June 01, 2002
Meetings & Conventions: Newsline newsline.gif (8042 bytes)   DOES THE LUXURY CHAIN RISK OVEREXPOSURE?
Ritz-Carlton Grows in U.S.
Simon F. Cooper When Simon F. Cooper became president and COO of the Ritz-Carlton Hotel Co. in February 2001, the chain was enjoying a domestic building boom that continues today. The Atlanta-based firm plans to open five properties in the next 12 months. M&C talked to Cooper, who works in Washington, D.C., about the brand’s long-term plans.

M&C: A number of Ritz- Carltons are opening in the next 12 months. Is the brand in danger of overexposure?

Cooper: We are increasing our inventory, but the markets we are moving into, like New York City and Boston, have been underserved by us for ages. Our focus is getting into key cities and resort destinations where luxury travelers continue to go.

M&C: Will you continue to expand at the same pace?

Cooper: We will be focusing more internationally, especially on Europe. Frankly, Europe is the toughest market to crack, because it is a mature market. But we intend to do it.

As far as the United States goes, the number of cities we can develop in starts to get limited. We are less limited in terms of resorts, which are destination-driven.

M&C: How difficult has it been to overcome perception and sell luxury in a soft economy?

Cooper: There is a perception issue, but we focus our efforts on what the person will get out of staying with us.

One of our major clients just had this same issue with her senior leadership. She held a presentation to explain her choice and said, yes, she could go somewhere cheaper. But she would have to take six more people along to help pull off the meeting.

M&C: Ritz properties in San Juan and New Orleans, and new constructions in Coconut Grove, Fla., and South Beach, Fla., have run into financial problems. Why is this, and how does it affect the brand?

Cooper: It affects our reputation, no doubt about it; people hear the name Ritz- Carlton, but they don’t know the details. In the case of San Juan, of the $11 million the owners were short when they went into Chapter 11, $9 million was lost by them in the casino they were operating. New Orleans was a technical bankruptcy. The owner filed bankruptcy so he could get the attention of the contractor with whom he was having a dispute.

In South Beach, the contractor withdrew after he ran into cost overruns and could not complete the project for the fixed price. We are going to stick with it.
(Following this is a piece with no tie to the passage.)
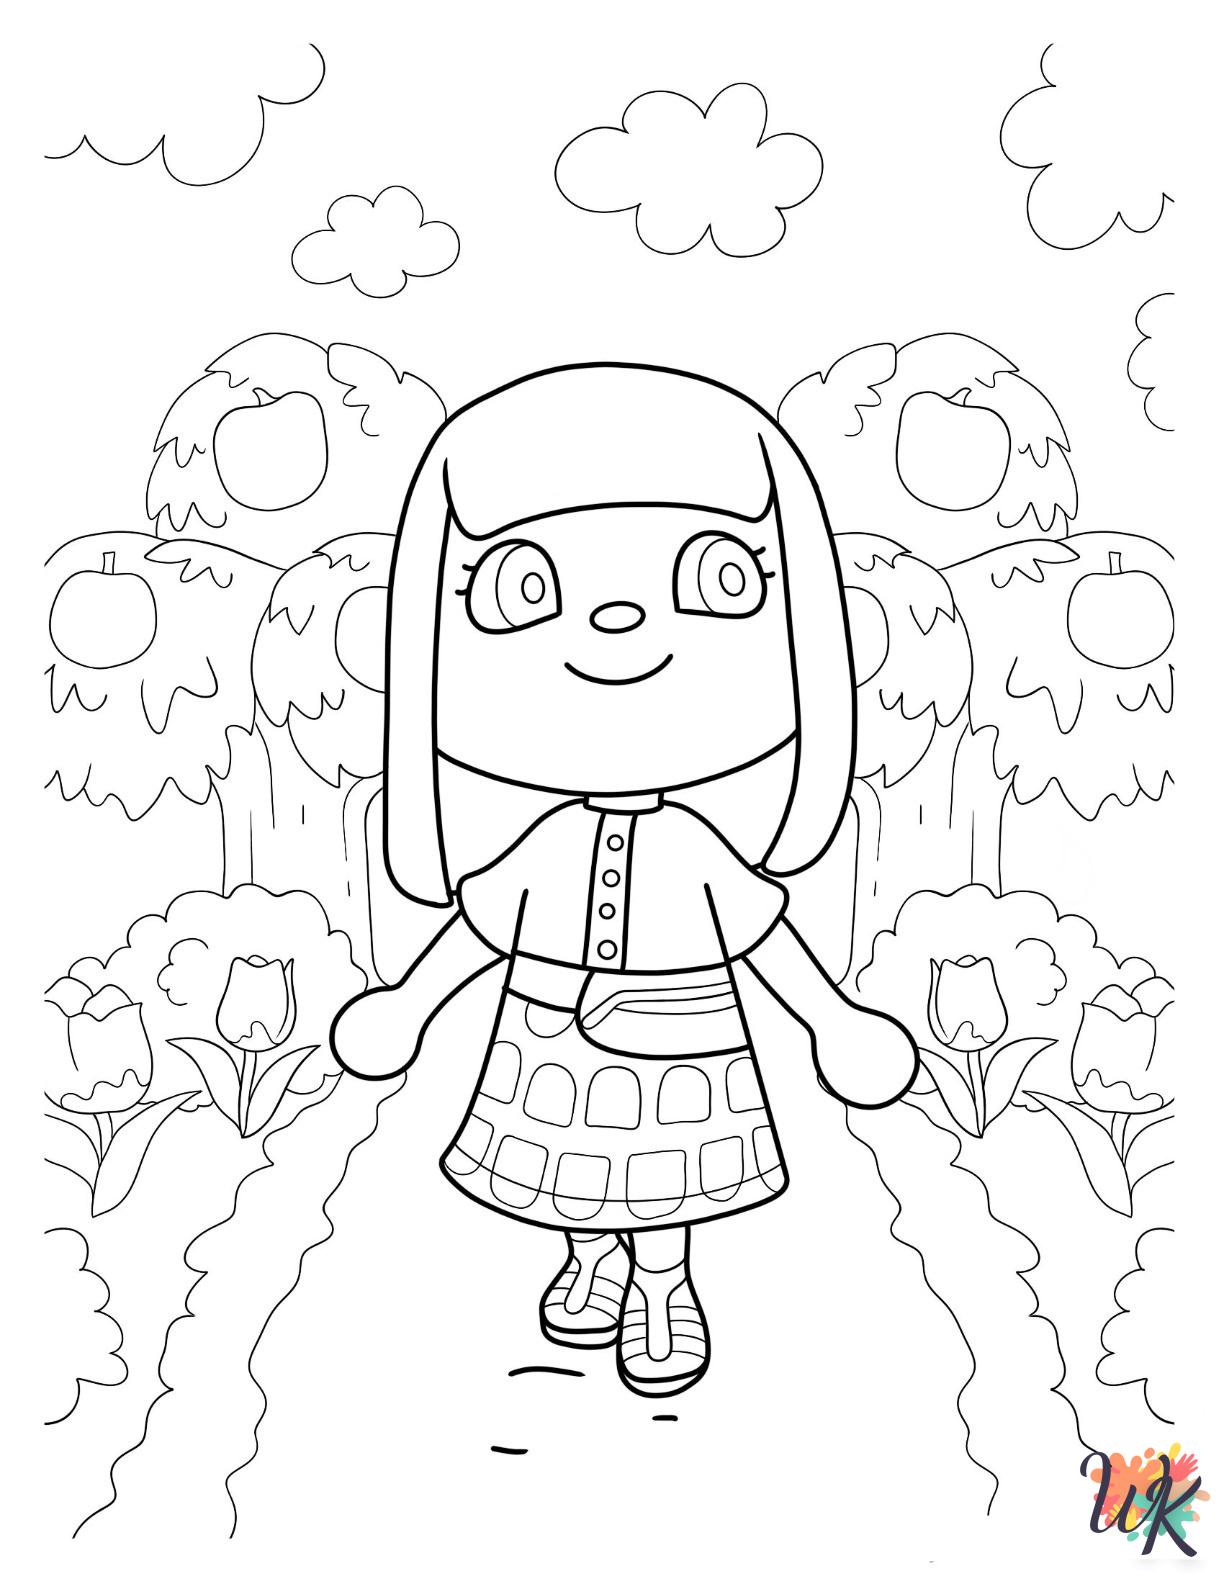 Animal Crossing themed coloring pages

And Coconut Grove will open in September.

M&C: With so many openings, is it difficult to find qualified staff?

Cooper: We have no challenges finding staff who have minimal guest contact. The toughest thing is finding leaders who know our culture and way of doing things.

M&C: What stamp do you want to leave on the brand?

Cooper: My stamp is going to be creating a sustainable organization for growth. If when I leave people say, “Boy, he is leaving a great team behind,” then that, to me, would be fine.